- Founder: Chaudhary Rahim Khan
- Founded: 1967
- Ideology: Ethnic nationalism Meo upliftment
- Regional affiliation: Mewat

= All India Meo Sabha =

Indian Political Organisation

The All India Meo Sabha (English: All India Assembly for Meos) (abbreviation: AIMS) is an Indian political organisation and advocacy group based primarily in the Mewat region of India. It was formed under the leadership of Chaudhary Rahim Khan in 1967.

== History ==
The All India Meo Sabha was founded by Chaudhary Rahim Khan in 1967. It was responsible for uniting Meos that were scattered across Haryana, Rajasthan, Delhi, Madhya Pradesh, Maharashtra and Uttar Pradesh, post independence.
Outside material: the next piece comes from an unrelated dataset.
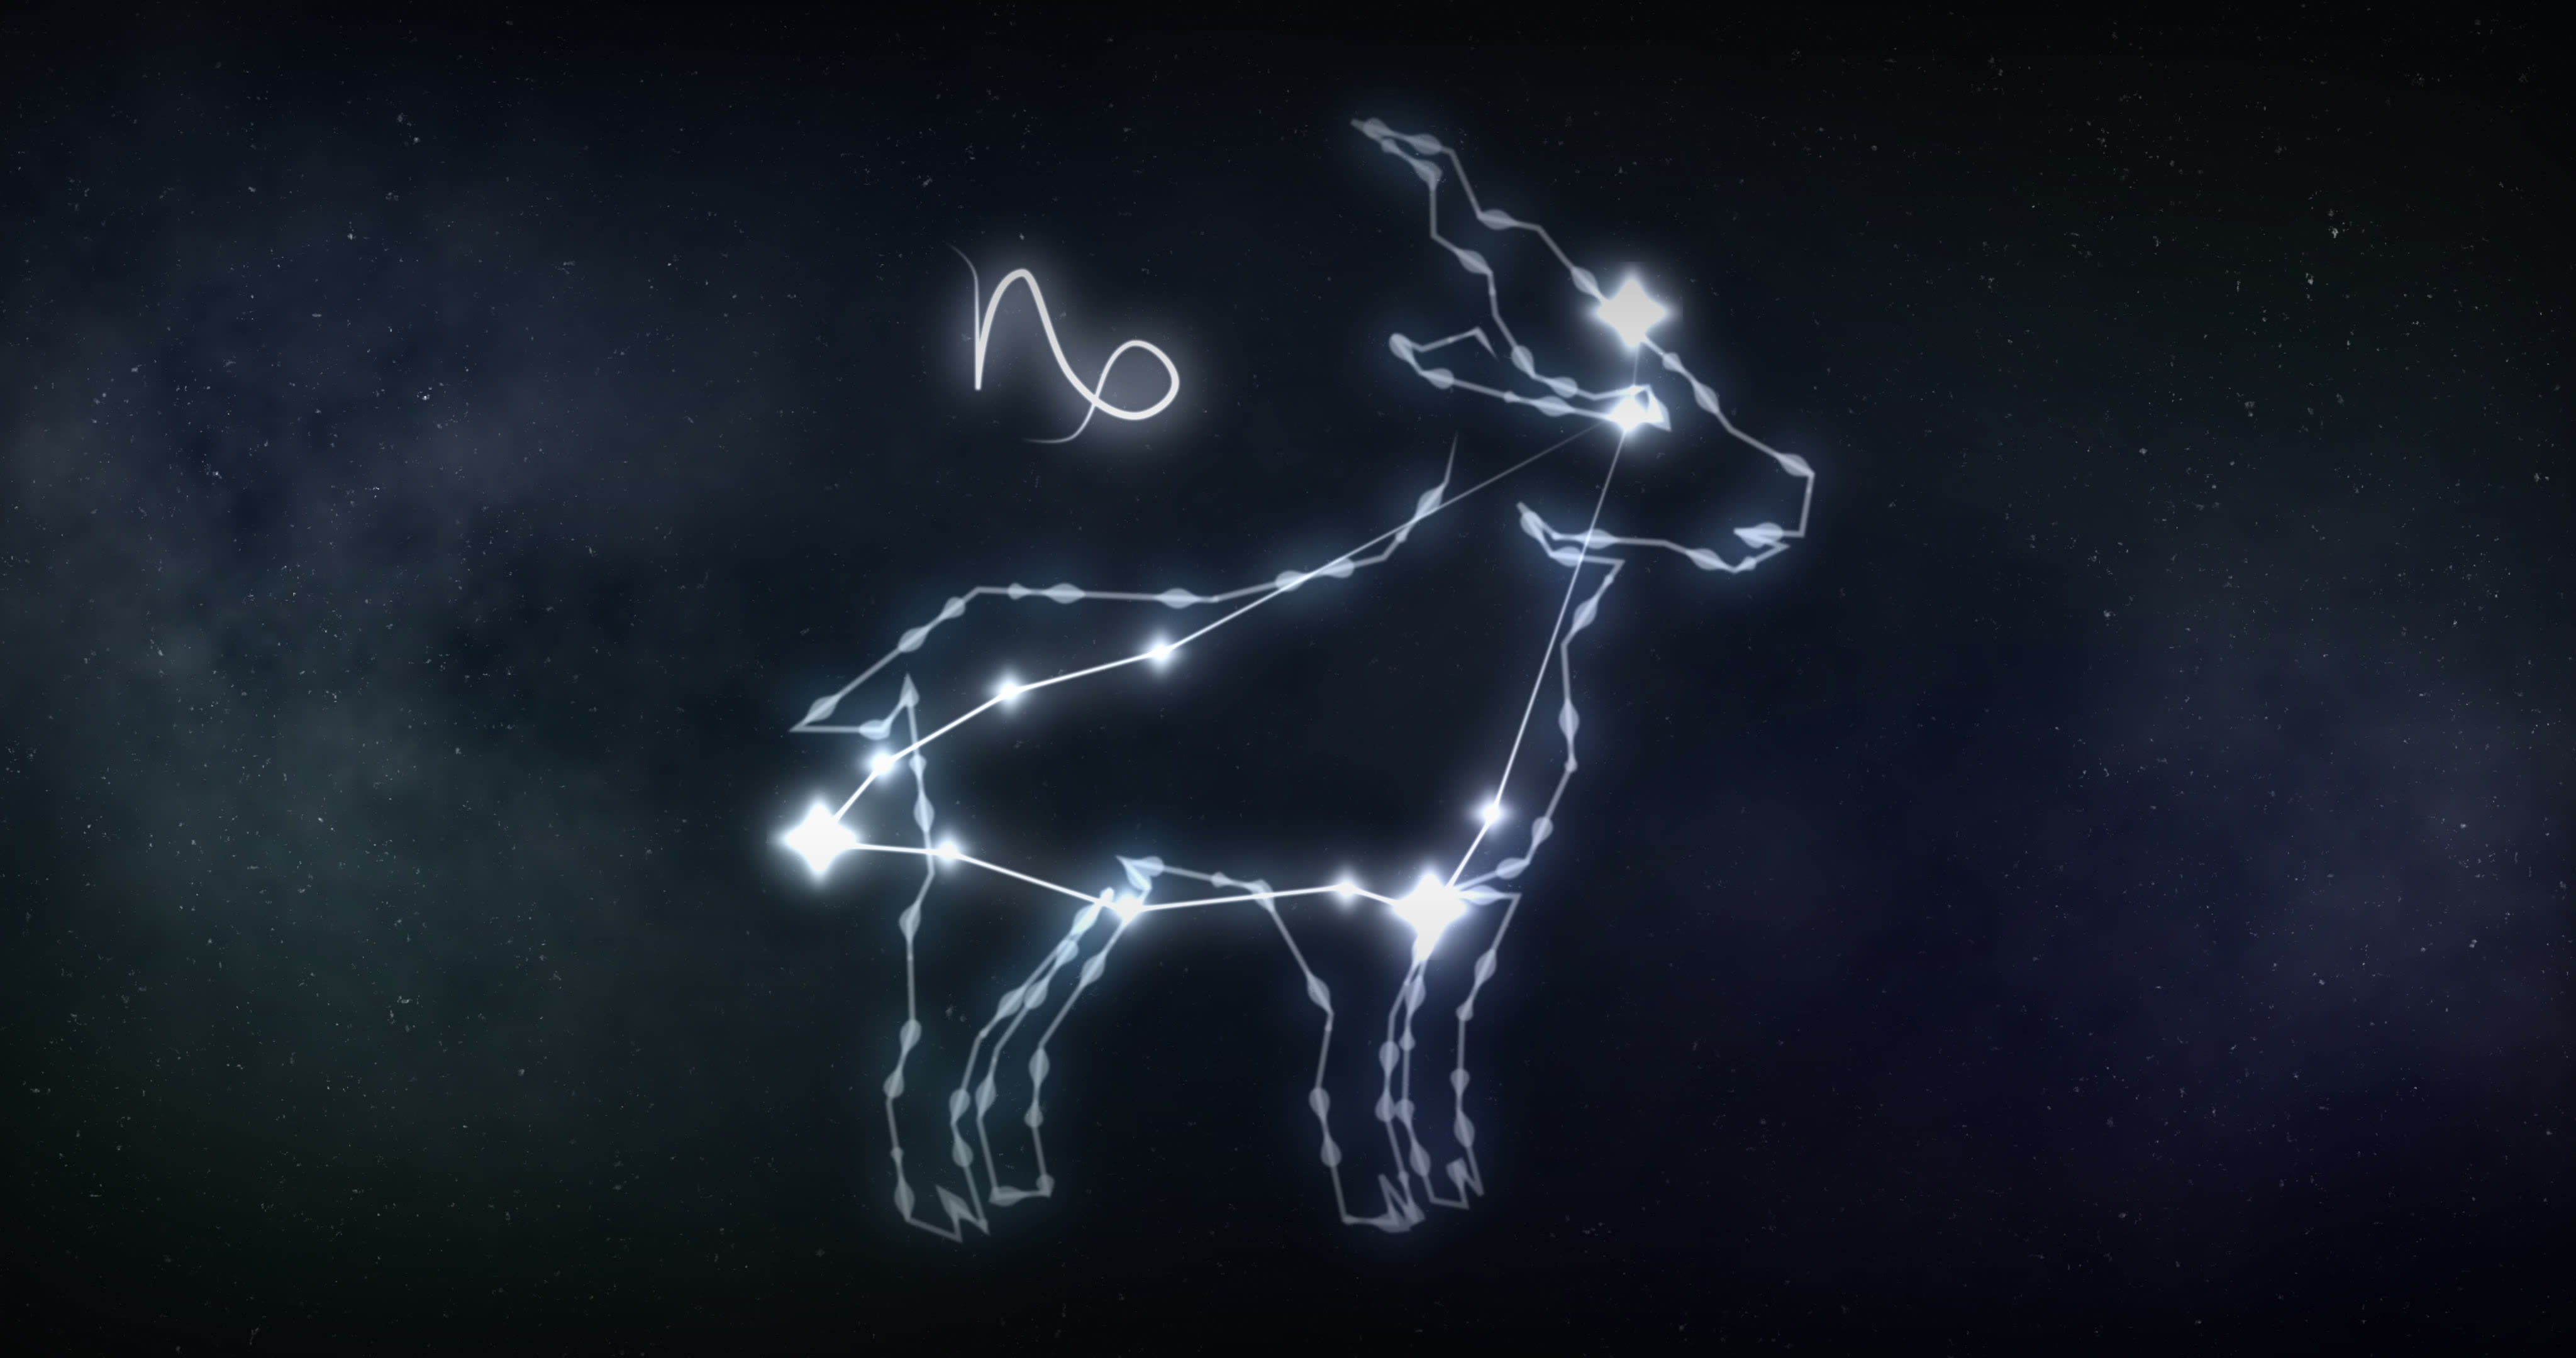  Star sign of Capricorn in a dark sky

The organization under the leadership of Chaudhary Rahim Khan made demands for a university in Mewat, extension of railway lines to the Mewat region of Rajasthan and Haryana, as well as the recognition of the ethnic Meos as part of the Scheduled Tribes denomination in India and granting them reservations accordingly due to their economically and educationally disadvantaged status in Indian society.

== Newspaper ==
In 1986, the All India Meo Sabha started a Newspaper titled the "Meo Times".

== Achievements ==
- Ethnic Meos are now recognised as a part of the Other Backwards Class classification in the Government of India.
- Shaheed Hasan Khan Mewati Government Medical College is the first and currently only Medical College recognised by the Medical Council of India in the Mewat region of Haryana.
- There is also the Mewat Engineering College now functional in Nuh, Haryana.
- Formation of Delhi-Nuh Railway Line as requested by Chaudhary Rahim Khan.